Roger himself was as unlike a Norman knight as it is possible to be. Brought up in Palermo by an Italian mother in a world of Greek and Muslim tutors, he was a southerner – indeed, an oriental – through and through; and the chapel that he built in the Royal Palace is one of the wonders of the world. The ground plan is that of a western basilica; but the walls are encrusted with Byzantine mosaics as fine as any in existence, while the wooden roof, in the classical Islamic style, would do credit to Cairo or Damascus. Here as nowhere else the Norman achievement is given visual expression.
But of course it was all too good to last. The independent Norman kingdom of Sicily endured only 64 years, ending soon after the death of the last legitimate king, William the Good. But perhaps that kingdom, swallowed up by the Holy Roman Empire, carried within itself the seeds of its own destruction. It was too heterogeneous, too eclectic, too cosmopolitan. It hardly tried – or perhaps it had no time – to develop any natural traditions of its own. And it paid the price.

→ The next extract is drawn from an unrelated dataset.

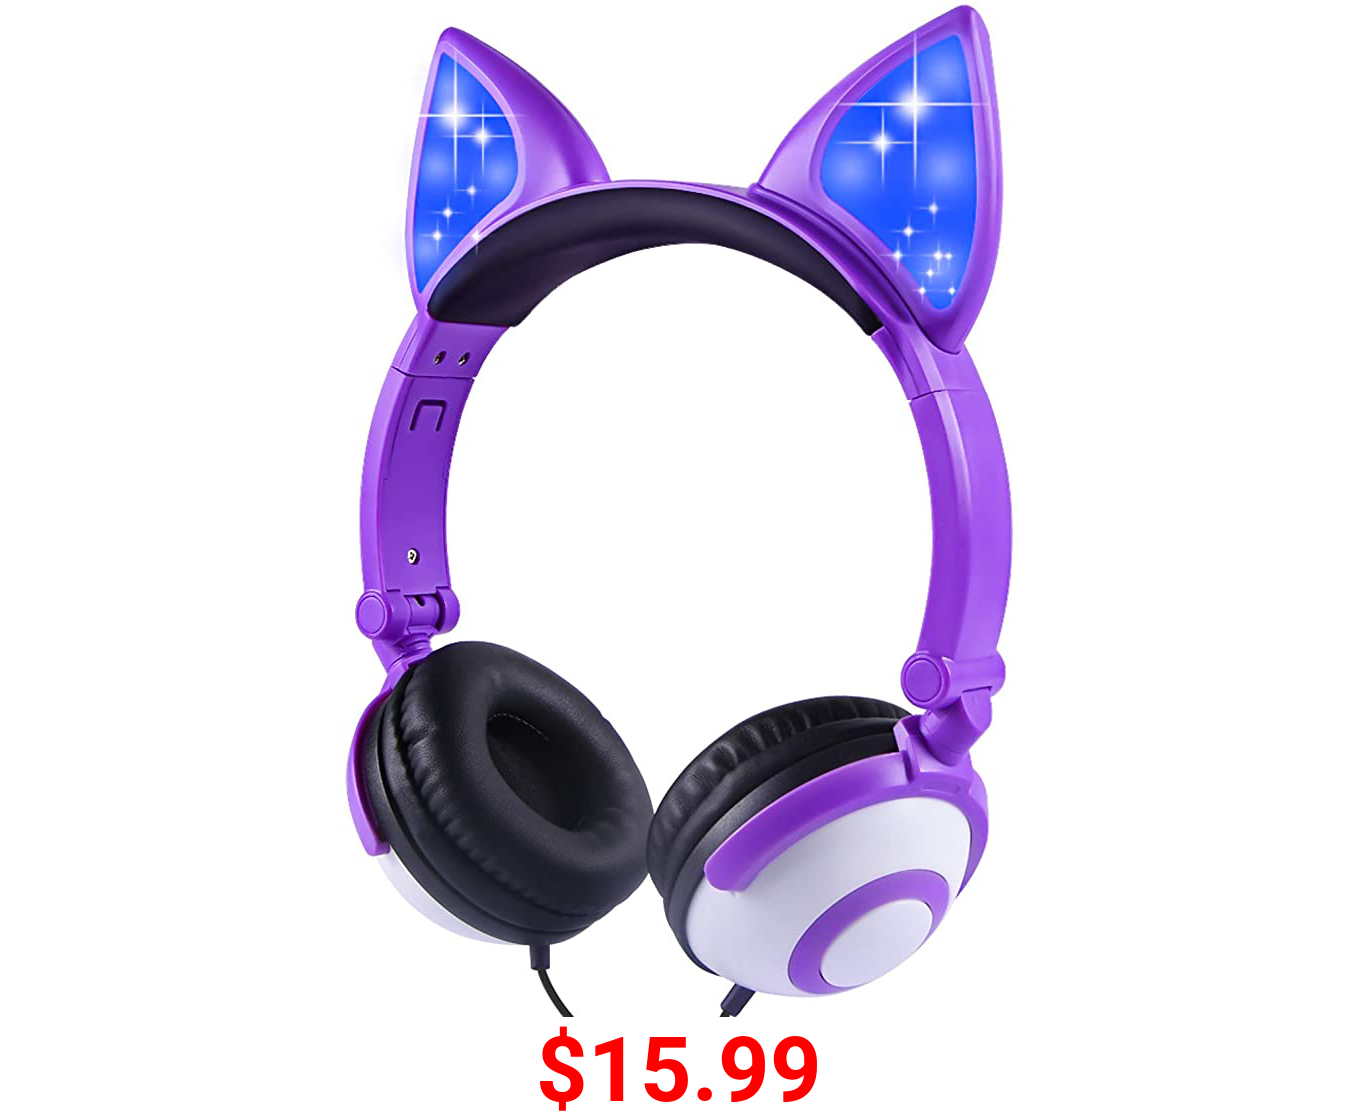 Kids Headphones Foldable with LED Glowing Cat Ear, On-Ear Headset Safe Wired Kids Headsets 85dB Volume Limited, Food Grade Silicone, 3.5mm Aux Jack, Fox Ear -Inspired Purple Headphones for Children

Here, then, is the tragedy that forms the backdrop to the Booker-longlisted The Ruby in her Navel. Nowadays the story of Norman Sicily is largely and undeservedly forgotten; knowing it and loving it as I do, I picked the book up with some trepidation (which, I may say, was hardly diminished by its appalling title). But I have long admired its author, so I plunged in – and was instantly, and almost literally, transported. Now, it is not easy to transport a reader 1,000 years into the past, into a country and cultural climate 1,000 miles away from his own; I can only say that Unsworth succeeded triumphantly. His hero, born in England of a Norman father but brought to Sicily as a child, tells his story in the first person. It begins with him working as a civil servant in the office of a high-ranking Arab; he is sent on a mission to Calabria, where he meets a troupe of travelling dancers from eastern Anatolia (one of them the owner of the eponymous navel) and where he is accidentally reunited with a childhood sweetheart, now unhappily married. There follows a somewhat picaresque story of love, betrayals and attempted regicide, all of it set against the constant rivalries of Latin and Greek, Christian and Muslim – the latter further exacerbated by the recent catastrophic second crusade.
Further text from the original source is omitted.